Speaking at a forum hosted by the AFL-CIO and Working America, an
affiliate of the labor federation, Trumka said the labor group is
focusing more on supporting candidates that are right on the issues
rather than on their party affiliation.
“What we intend to do is to run on issues, less than run on people
and party, and then support the people who support those issues,”
Trumka said.
Next Tuesday, primary day in Arkansas, is the
biggest test yet of the labor movement’s aggressive push to hold
Democrats accountable who were not supportive of the unions’
legislative agenda this Congress.
The AFL-CIO, the Service Employees International Union and other
labor groups have spent millions on televisions and get-out-the-vote
efforts in support of Arkansas Lt. Gov. Bill Halter, who is challenging
Sen. Blanche Lincoln (D-Ark.) for the party’s Senate nomination. The
two are having a runoff on Tuesday to see who wins the party’s nod for
the general election race this fall.
That race is the most prominent example of labor’s push against
Democrats who were unwilling to vote for healthcare reform or for legislation that would make union organizing much easier. Trumka
said the AFL-CIO will not support Democrats if their record veers away
from working-class issues.
“I guess you could call us in the future ‘unpredictable partners,’”
Trumka said. “Because we will partner with the Democratic Party when
they operate in the best interests of working people and we will not
when they don’t.”
At times, Democrats have disappointed their labor supporters this
Congress. Trumka lamented how much stimulus funding has gone outside of
the United States as well as unemployment benefits being stripped out
of the tax extenders bill voted on in the House last week.
The labor leader also noted the Obama administration’s support of a
tax on high-cost insurance plans in the healthcare reform bill. He
credited that policy with the Democrats’ loss of the late Sen. Edward
Kennedy’s (D-Mass.) seat to Scott Brown (R) in January this year.
“Two thirds of the people in Massachusetts who thought the excise
tax was going to hit them voted for Brown,” Trumka said. “This
administration had run against the excise tax. Then to reverse it, it
was tough for our members to understand.

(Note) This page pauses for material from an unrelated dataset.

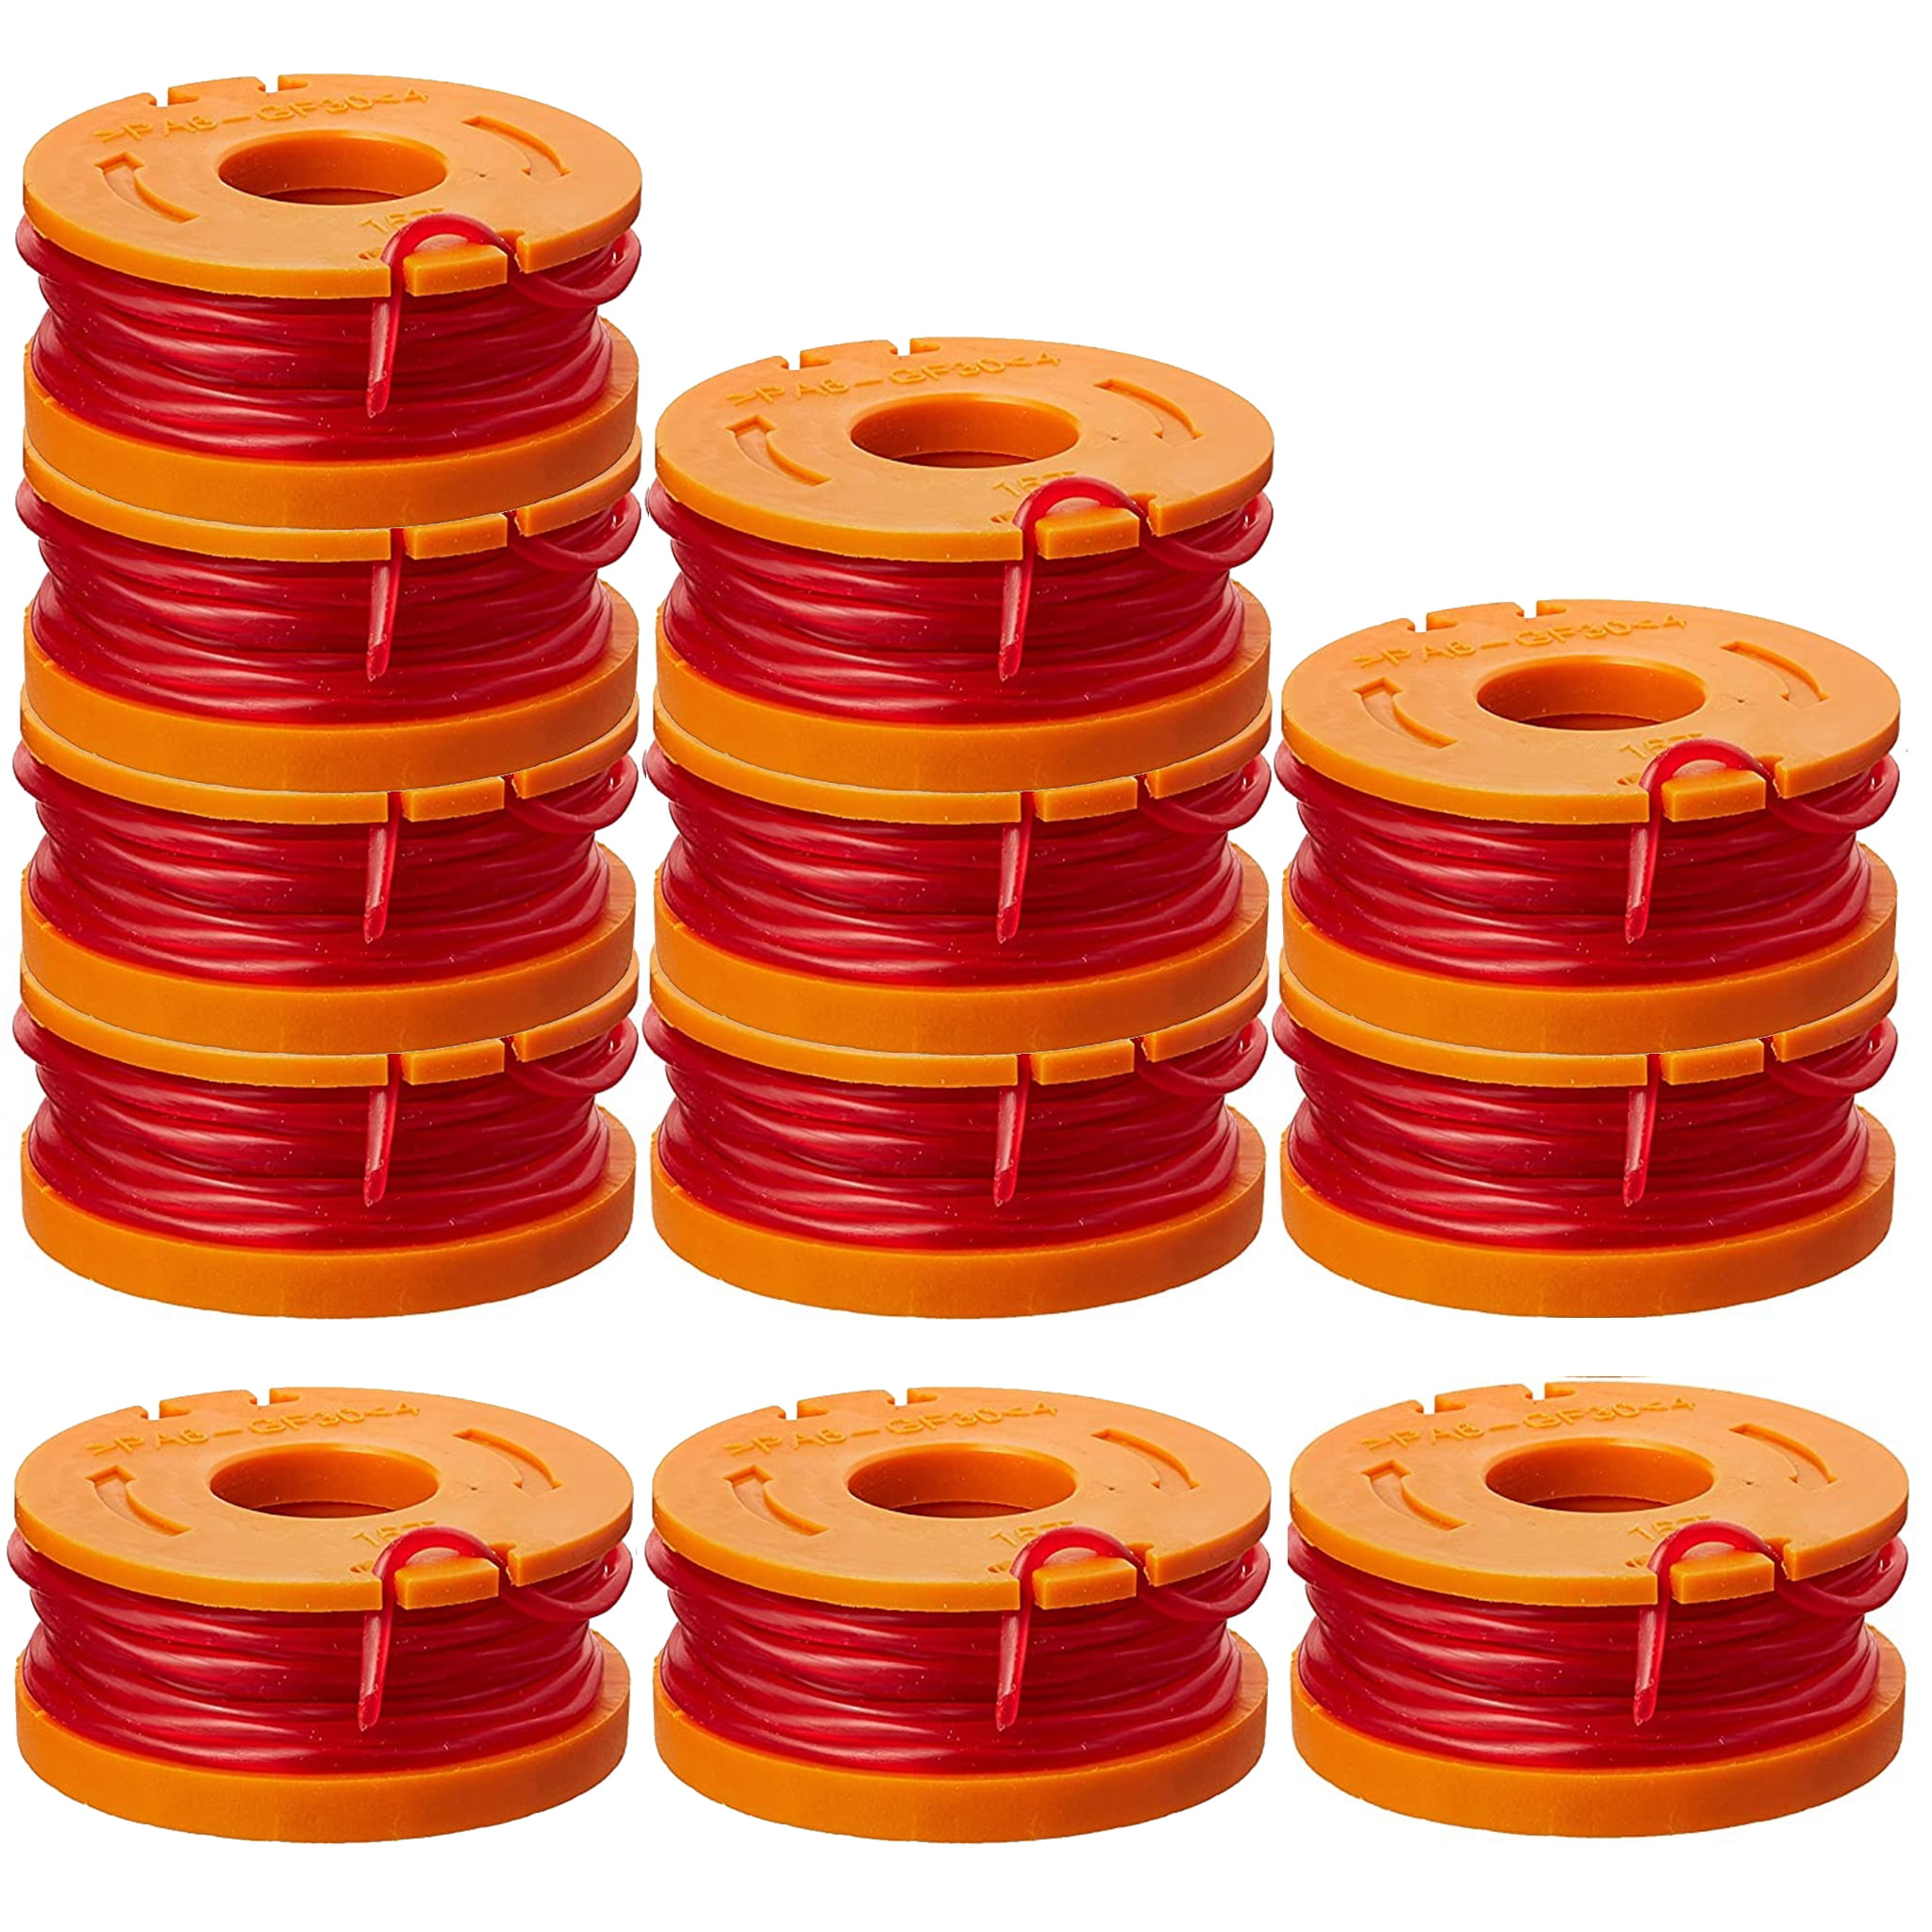 WORX Replacement Spool Line For Grass Trimmer/Edger,10ft WG150 151 152 154 155

We couldn’t explain it.”
Speaking at the same forum, one member of Congress said she welcomed unions holding Democrats accountable.
“It
doesn’t trouble me that if organized labor is asking for
accountability, that demand comes to all Democrats who want the support
of organized labor. I think that should be expected,” said Rep. Donna
Edwards (D-Md.).
Edwards said she thinks this election will be all about
accountability and that Democrats need to hold those responsible for
the economic crisis to the Gulf of Mexico oil spill to win voters’
support this fall.
“I think that speaks to the frustration of the Tea Partiers as well as
it speaks to the frustration of liberals who are sitting out in
congressional districts like my own,” Edwards said.